I've never been filled with so many negative/positive emotions, particularly due to all of the close interaction with extremely attractive girls. Should I do it again tonight?!


----------



## missalyssa (Jun 18, 2011)

Noooo, don't be embarrassed of acting all crazy! Just laugh about it and say things like, "So what DID I do that night? I can hardly remember, but I sure did have a great time with you guys, we should do it again!!" If they thought you were a lot of fun, they'll invite you out again and you can drink/party again.. and soon you won't need the alcohol, you'll become comfortable with them and regularly show your personality.


----------



## The Professor (Jul 31, 2011)

missalyssa said:


> Noooo, don't be embarrassed of acting all crazy! Just laugh about it and say things like, "So what DID I do that night? I can hardly remember, but I sure did have a great time with you guys, we should do it again!!" If they thought you were a lot of fun, they'll invite you out again and you can drink/party again.. and soon you won't need the alcohol, you'll become comfortable with them and regularly show your personality.


Thanks, didn't think about that. I always try to play it off like I wasn't that drunk and I remember everything I did, which I usually do. This way it makes me less vulnerable and it shows that I can be crazy without being really drunk.

p.s. I now put more stock in GABAergics! I want phenibut really bad now, because it won't make me act so stupid.


----------



## missalyssa (Jun 18, 2011)

The Professor said:


> Thanks, didn't think about that. I always try to play it off like I wasn't that drunk and I remember everything I did, which I usually do. This way it makes me less vulnerable and it shows that I can be crazy without being really drunk.
> 
> p.s. I now put more stock in GABAergics! I want phenibut really bad now, because it won't make me act so stupid.
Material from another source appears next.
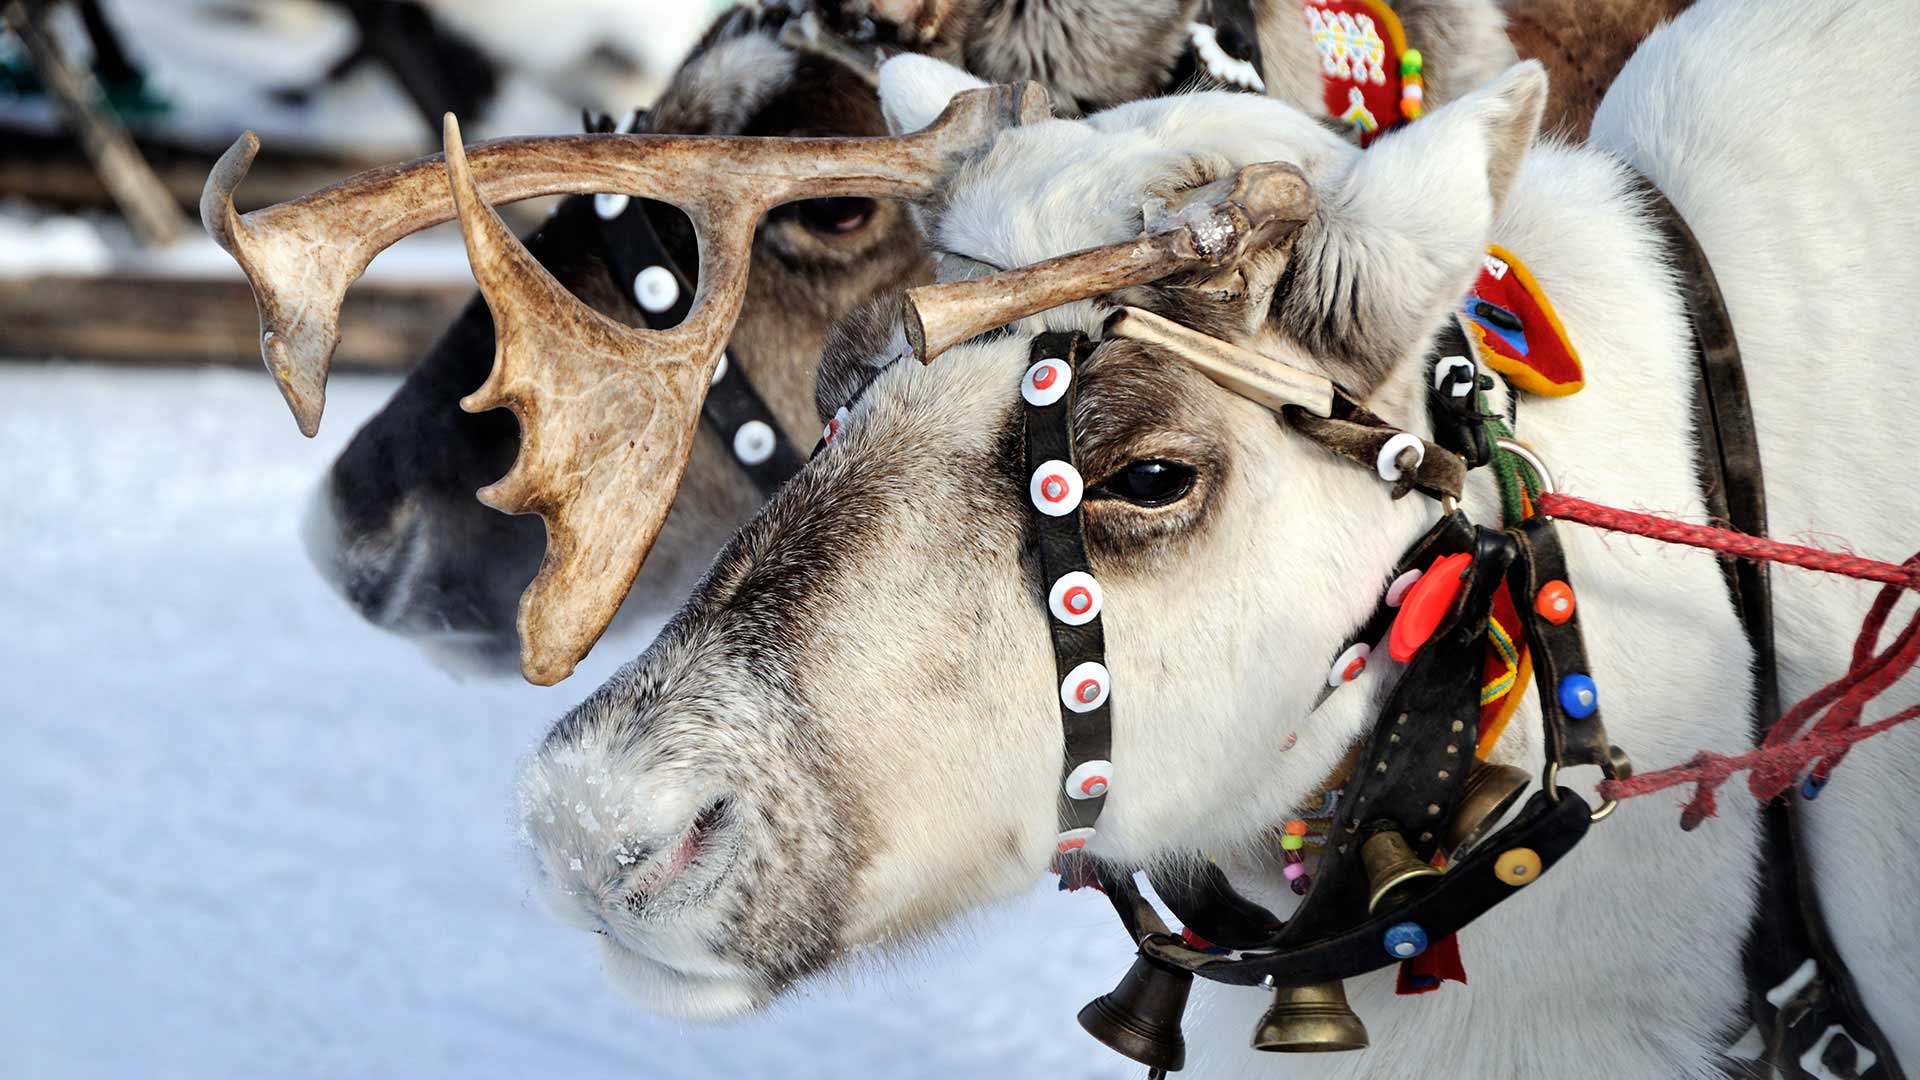 Santa’s reindeer in Lapland
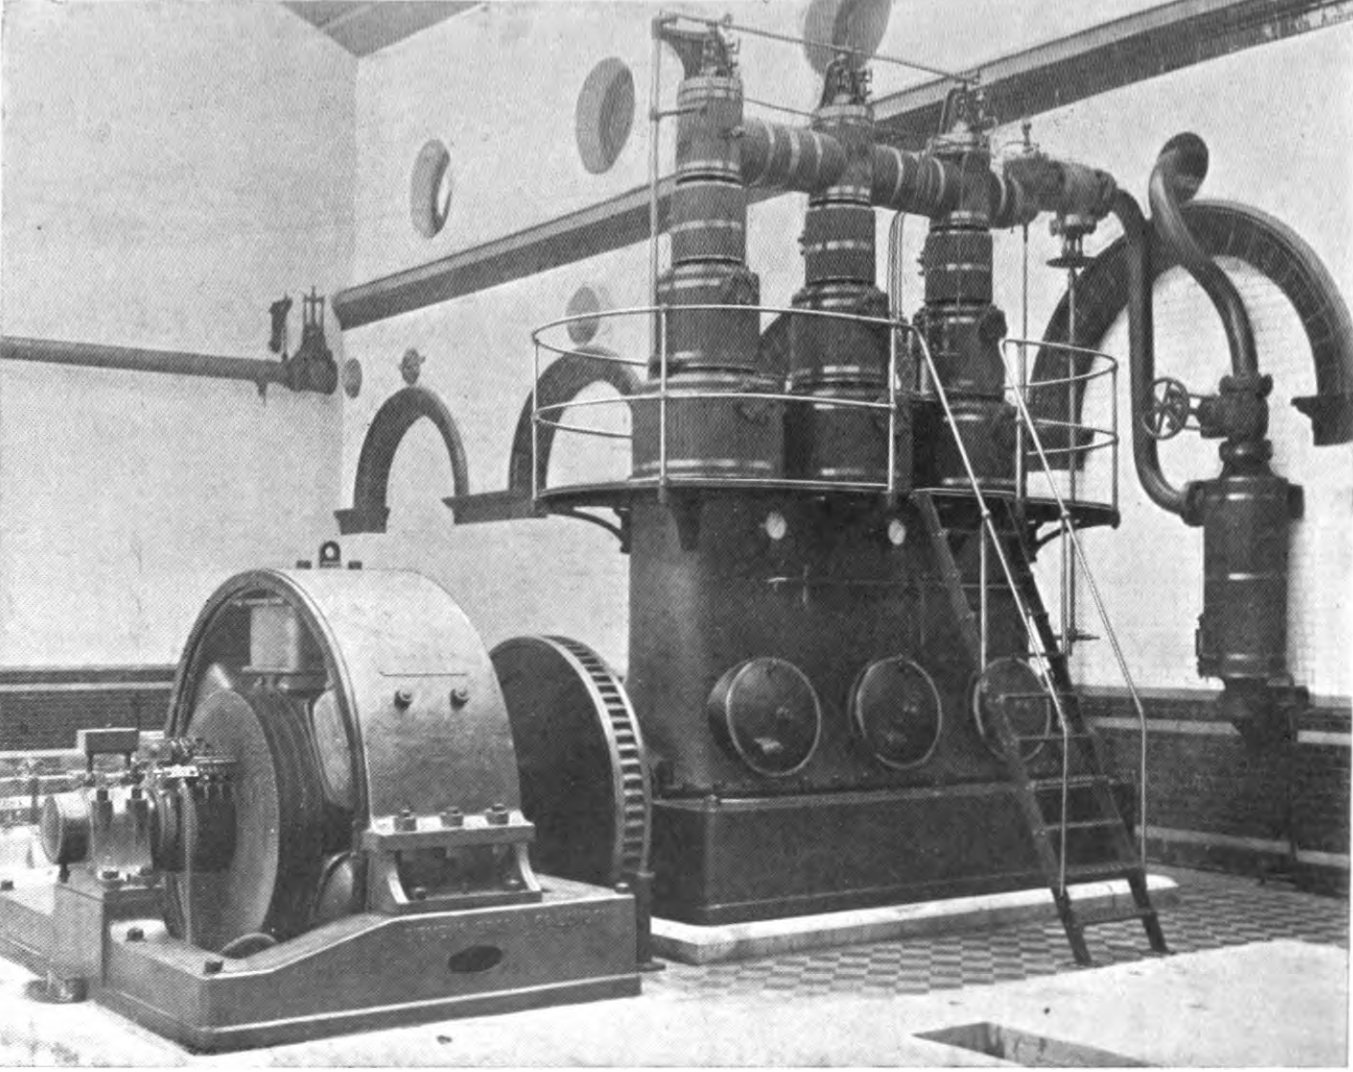 Высокоскоростной паровой двигатель (производства британской фирмы Willans), приводящий в движение динамо-машину (серебряный цилиндр слева). Из книги W. Norris and Ben. H. Morgan, High Speed Steam Engines, 2nd edition (London: P.S. King & Son, 1902), 13.

Hm, well you could do that too but either way just don't be embarrassed and definitely tell them you had a great time and that you want to do it again. Maybe they'll get to think you're only quiet at school because you're stressed out or concentrating on school. Then they'll think the real you is someone who likes to let loose, and you can use that to your advantage.. first with alcohol then without (I feel like I"m promoting alcohol but it really did help me..)


----------



## StarryEyed15 (Nov 25, 2011)

For starters drinking is horrible for people who have anxiety (I know from experience). I used to drink, A LOT until about 6 months ago (I'm only 22). I hated the day after feeling of "Omg I can't believe I said that" & replaying it all in my head. Whether they remember anything or not, which I doubt, it is how you feel about drinking. I keep everything to myself & when I drink I just let it all out & say eff it! & I think I am funny but in reality I am being a jerk & letting little things that have been bugging me blow way out of proportion. I just suggestion a pro & cons list of drinking. I chose it wasn't for me & I have been the happiest these past few months than since before I started drinking. I might be shy, I may not say a lot in social settings, but at least when I am talking I am coherent lol!


----------



## The Professor (Jul 31, 2011)

StarryEyed15 said:


> For starters drinking is horrible for people who have anxiety (I know from experience). I used to drink, A LOT until about 6 months ago (I'm only 22). I hated the day after feeling of "Omg I can't believe I said that" & replaying it all in my head. Whether they remember anything or not, which I doubt, it is how you feel about drinking. I keep everything to myself & when I drink I just let it all out & say eff it! & I think I am funny but in reality I am being a jerk & letting little things that have been bugging me blow way out of proportion. I just suggestion a pro & cons list of drinking. I chose it wasn't for me & I have been the happiest these past few months than since before I started drinking. I might be shy, I may not say a lot in social settings, but at least when I am talking I am coherent lol!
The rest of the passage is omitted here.